RAG — Retrieval Augmented Generation

Module 3: Generation & RAGAS Evaluation

What is Generation in RAG? After retrieval finds the relevant chunks, the Generation stage assembles them into a prompt and passes it to an LLM to produce a grounded, cited answer. The LLM is explicitly instructed to only use the provided context — not its training knowledge.

Sub-topic 1: Prompt Construction

What, Why, How

What: Prompt construction is the art of assembling the system prompt, retrieved chunks, and user query into a single prompt that guides the LLM to generate accurate, grounded, cited answers.

Why: A poorly constructed prompt leads to: - Hallucinations (LLM invents information not in chunks) - Ignored citations (LLM doesn't reference sources) - Lost-in-the-middle failures (LLM misses information in the middle of a long context)

How: Structure the prompt in three parts: 1. System prompt: Ground the LLM — "Answer ONLY from the provided context" 2. Context block: Retrieved chunks, formatted with source labels 3. User question: The actual question to answer

Effective RAG Prompt Structure:
━━━━━━━━━━━━━━━━━━━━━━━━━━━━━━━━━━━━━━━━━━━━━━━━━━━━━━━━━━━━
SYSTEM:
You are a mortgage policy expert. Answer ONLY using the policy 
sections provided below. If the answer is not in the context, 
say "I cannot find this in the provided policy documents."
Cite sources as [POLICY SOURCE N].

CONTEXT:
[POLICY SOURCE 1] Eligibility Guidelines — Credit Requirements (p.12)
Relevance: 0.94
────────────────────────────────────────────────────────────
The minimum credit score for conventional loans is 620...

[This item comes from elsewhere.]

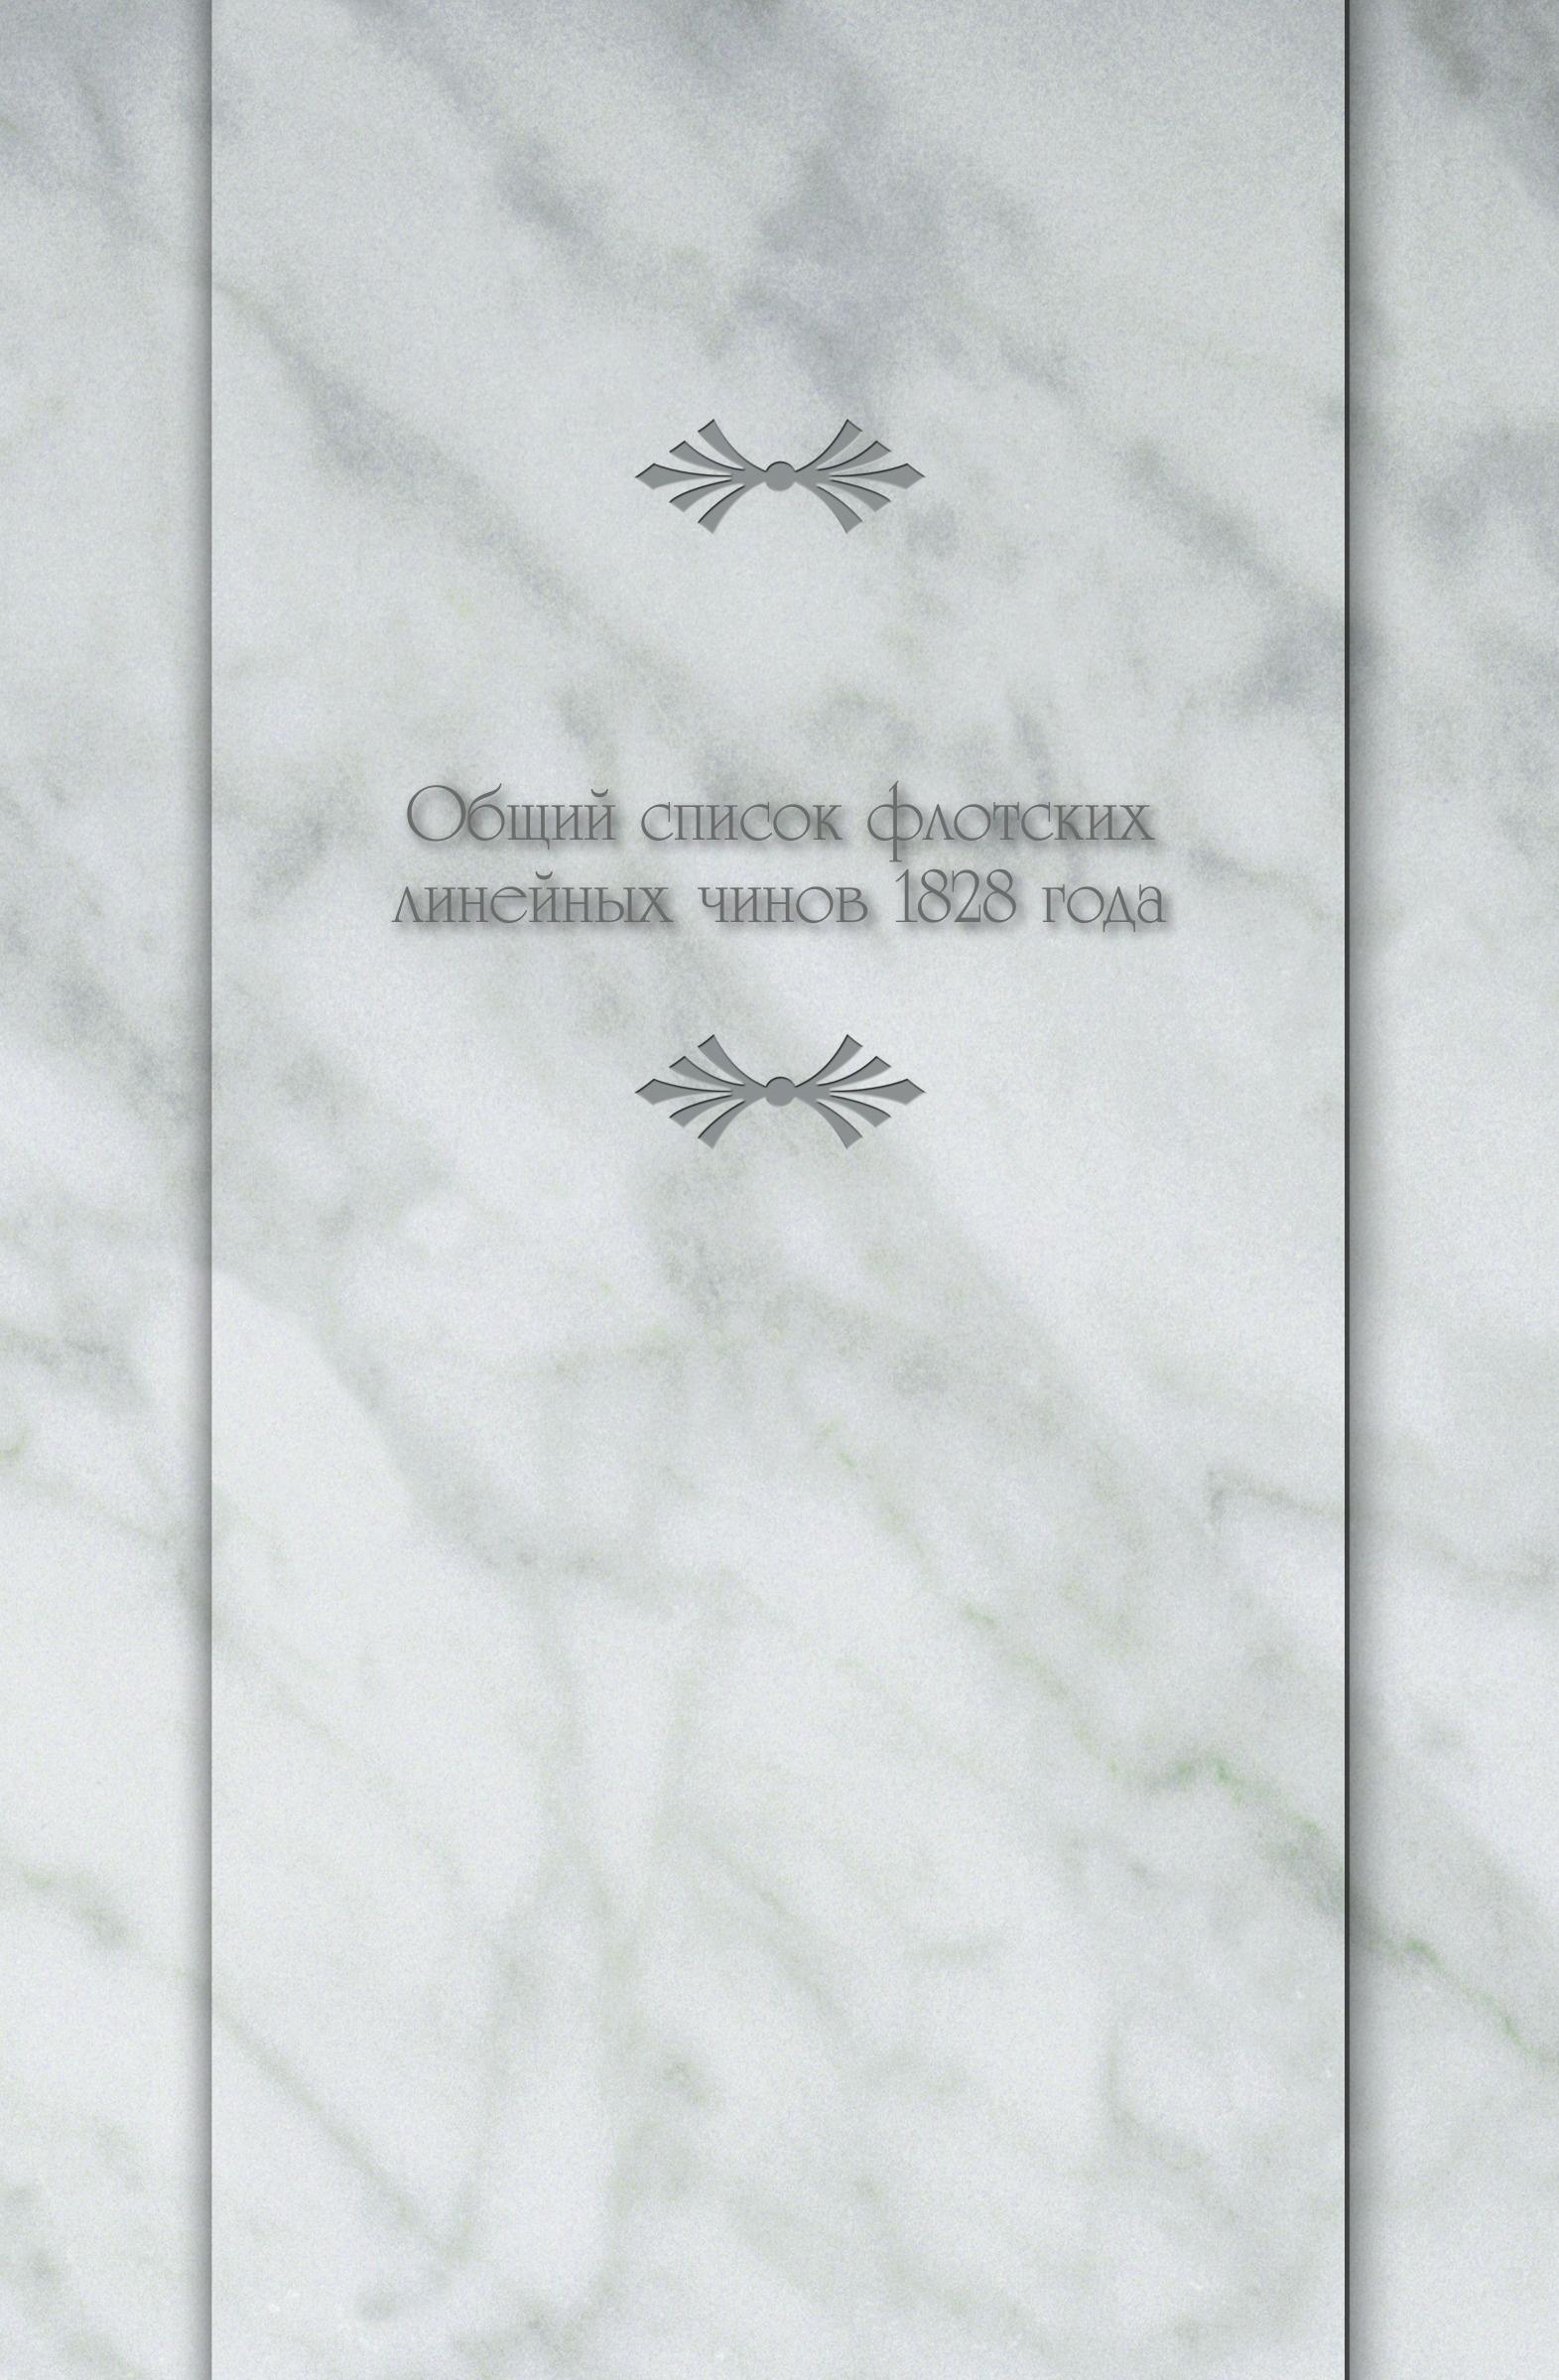 Неизвестный автор Общий список флотских линейных чинов 1828 года неизвестный автор общий состав управлений и чинов отдельного корпуса жандармов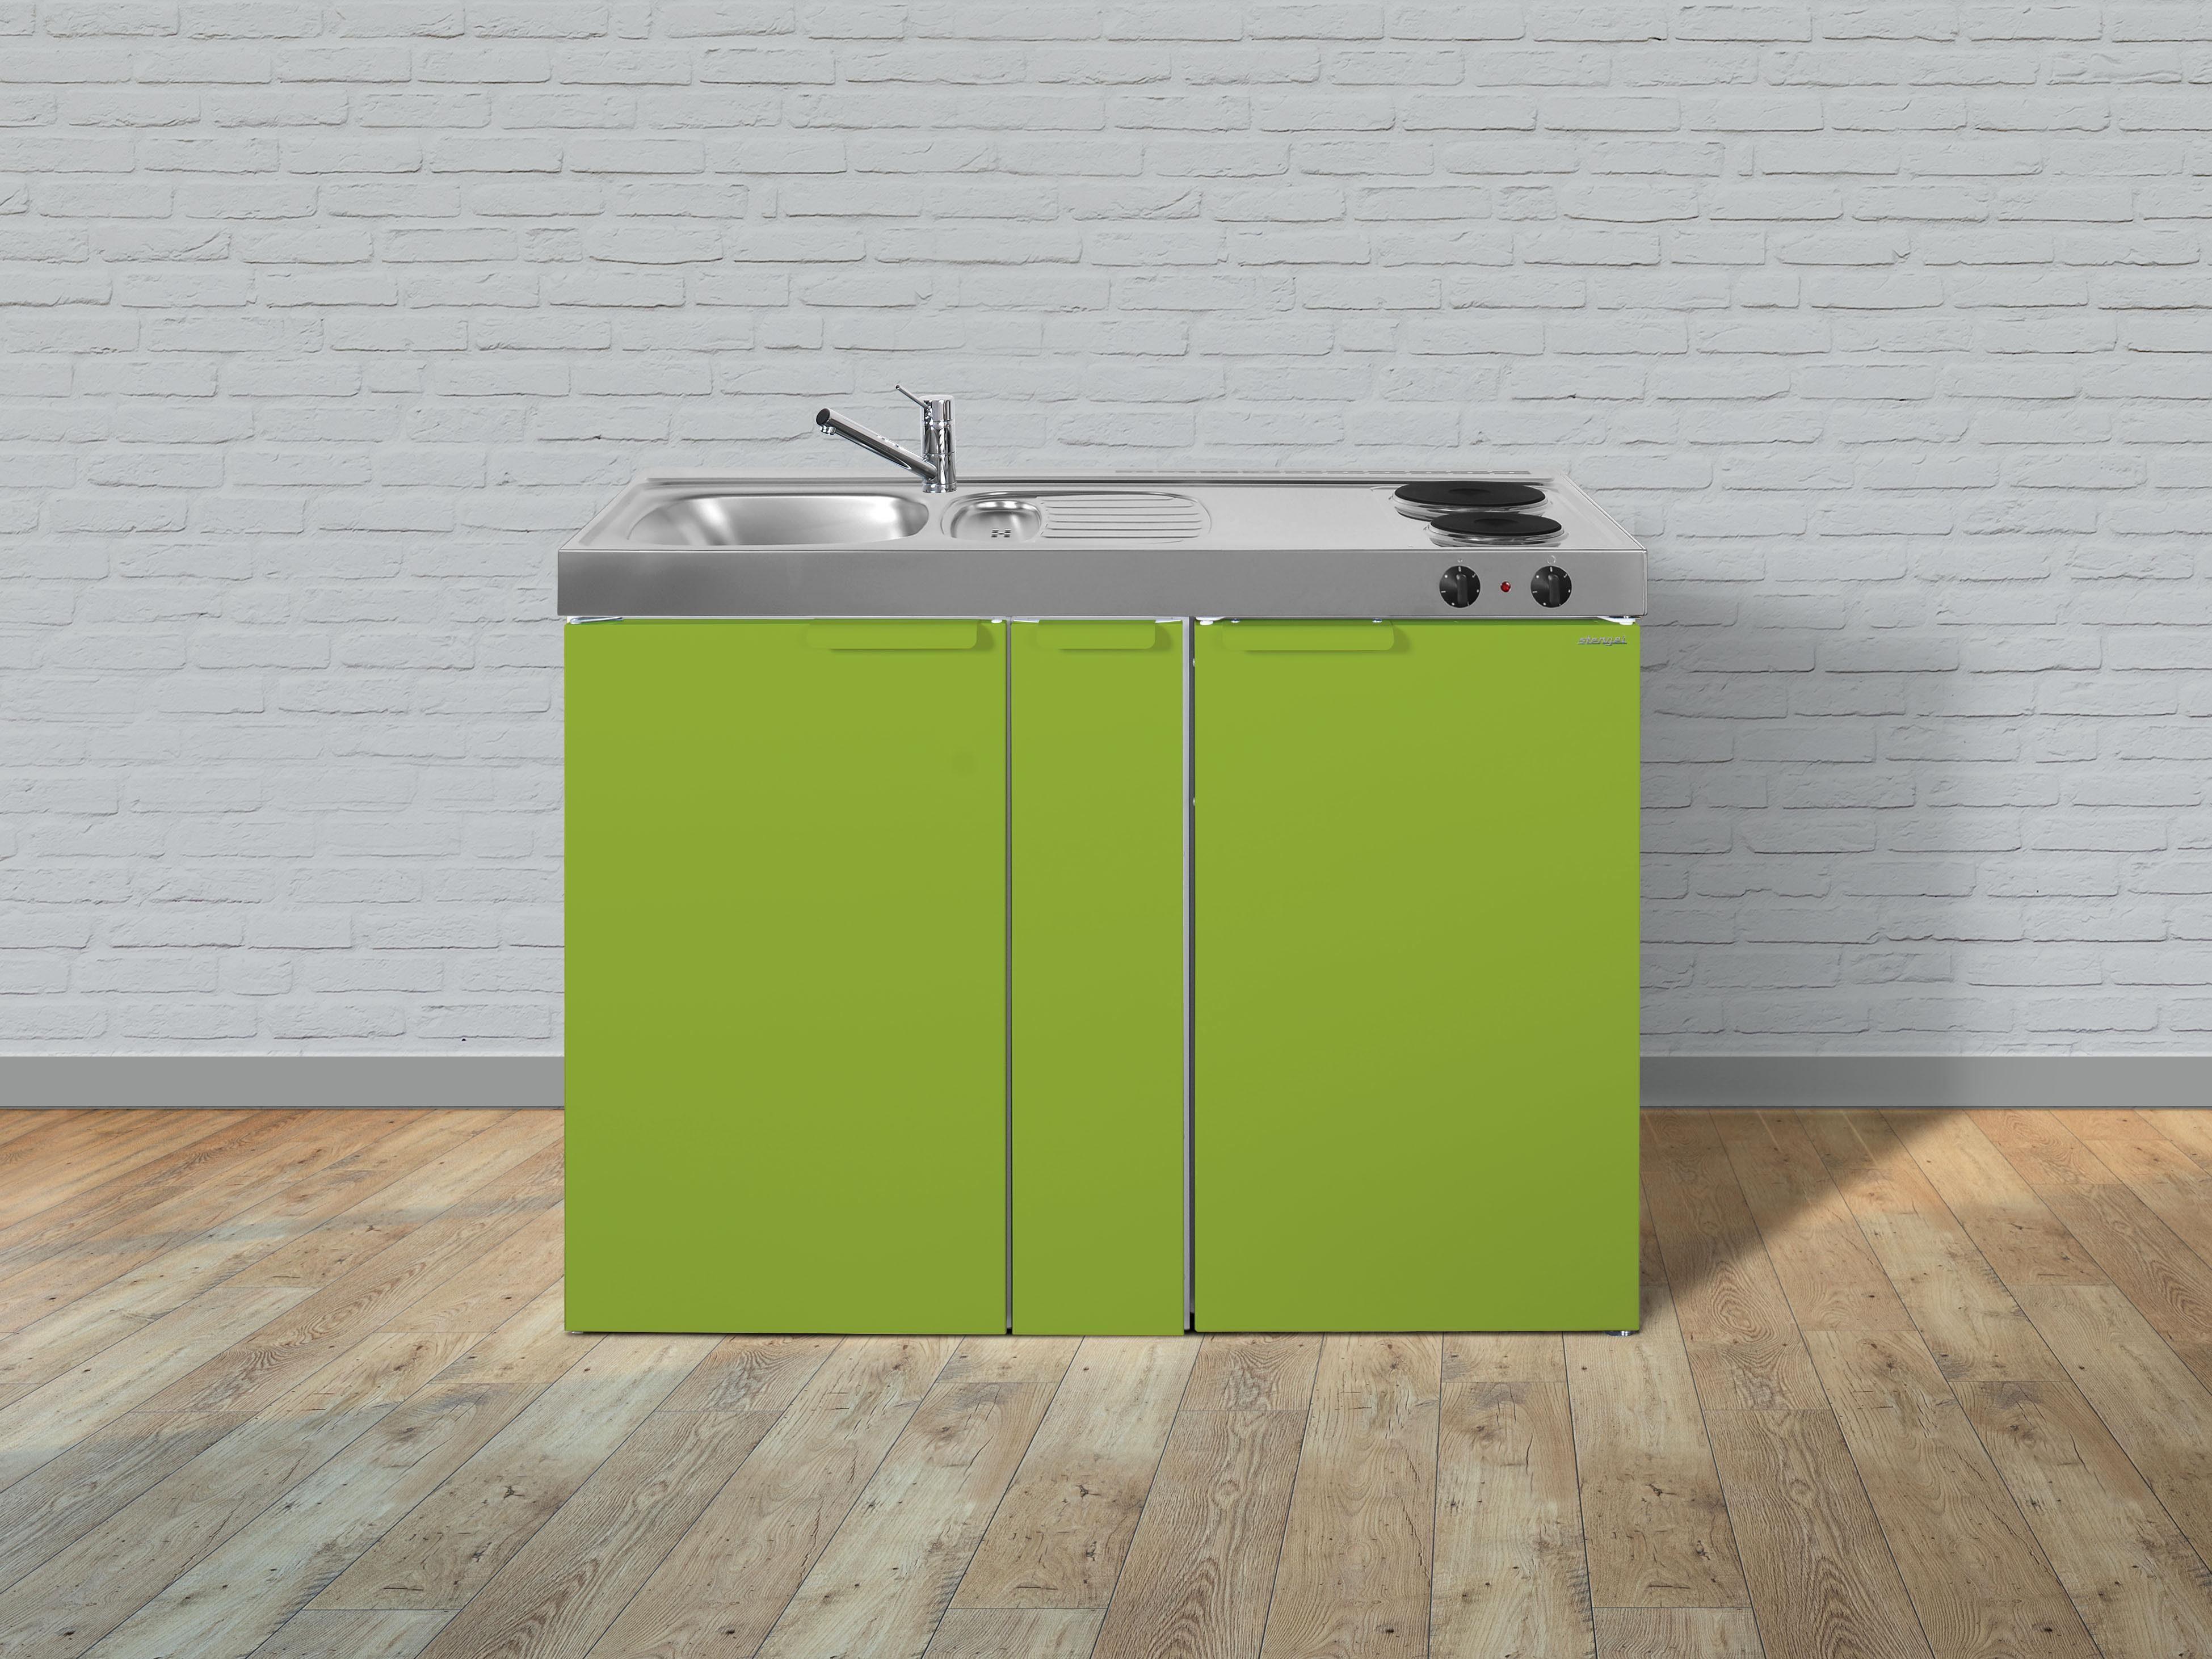 Miniküche Mit Kühlschrank Und Backofen : Stengel metall miniküche mk a apothekerauszug kühlschrank

[POLICY SOURCE 2] Underwriting Borrowers — DTI Limits (p.8)  
Relevance: 0.88
────────────────────────────────────────────────────────────
The maximum back-end DTI ratio is 45% for most loan types...

USER QUESTION:
What is the minimum credit score and DTI limit for a conventional loan?
━━━━━━━━━━━━━━━━━━━━━━━━━━━━━━━━━━━━━━━━━━━━━━━━━━━━━━━━━━━━

In LoanIQ Project

From app/services/rag/context_builder.py, chunks are formatted with source labels and relevance scores before being injected into the prompt:

def _format_context(self, chunks: list[RetrievedChunk]) -> str:
    parts = []
    for i, chunk in enumerate(chunks, 1):
        score = chunk.rerank_score if chunk.rerank_score != 0 else chunk.rrf_score
        header = (
            f"[POLICY SOURCE {i}] {chunk.document_title} — {chunk.section_title}\n"
            f"Relevance Score: {score:.3f}\n"
            f"{'─' * 60}"
        )
        parts.append(f"{header}\n{chunk.content.strip()}")
    return "\n\n{'═' * 60}\n\n".join(parts)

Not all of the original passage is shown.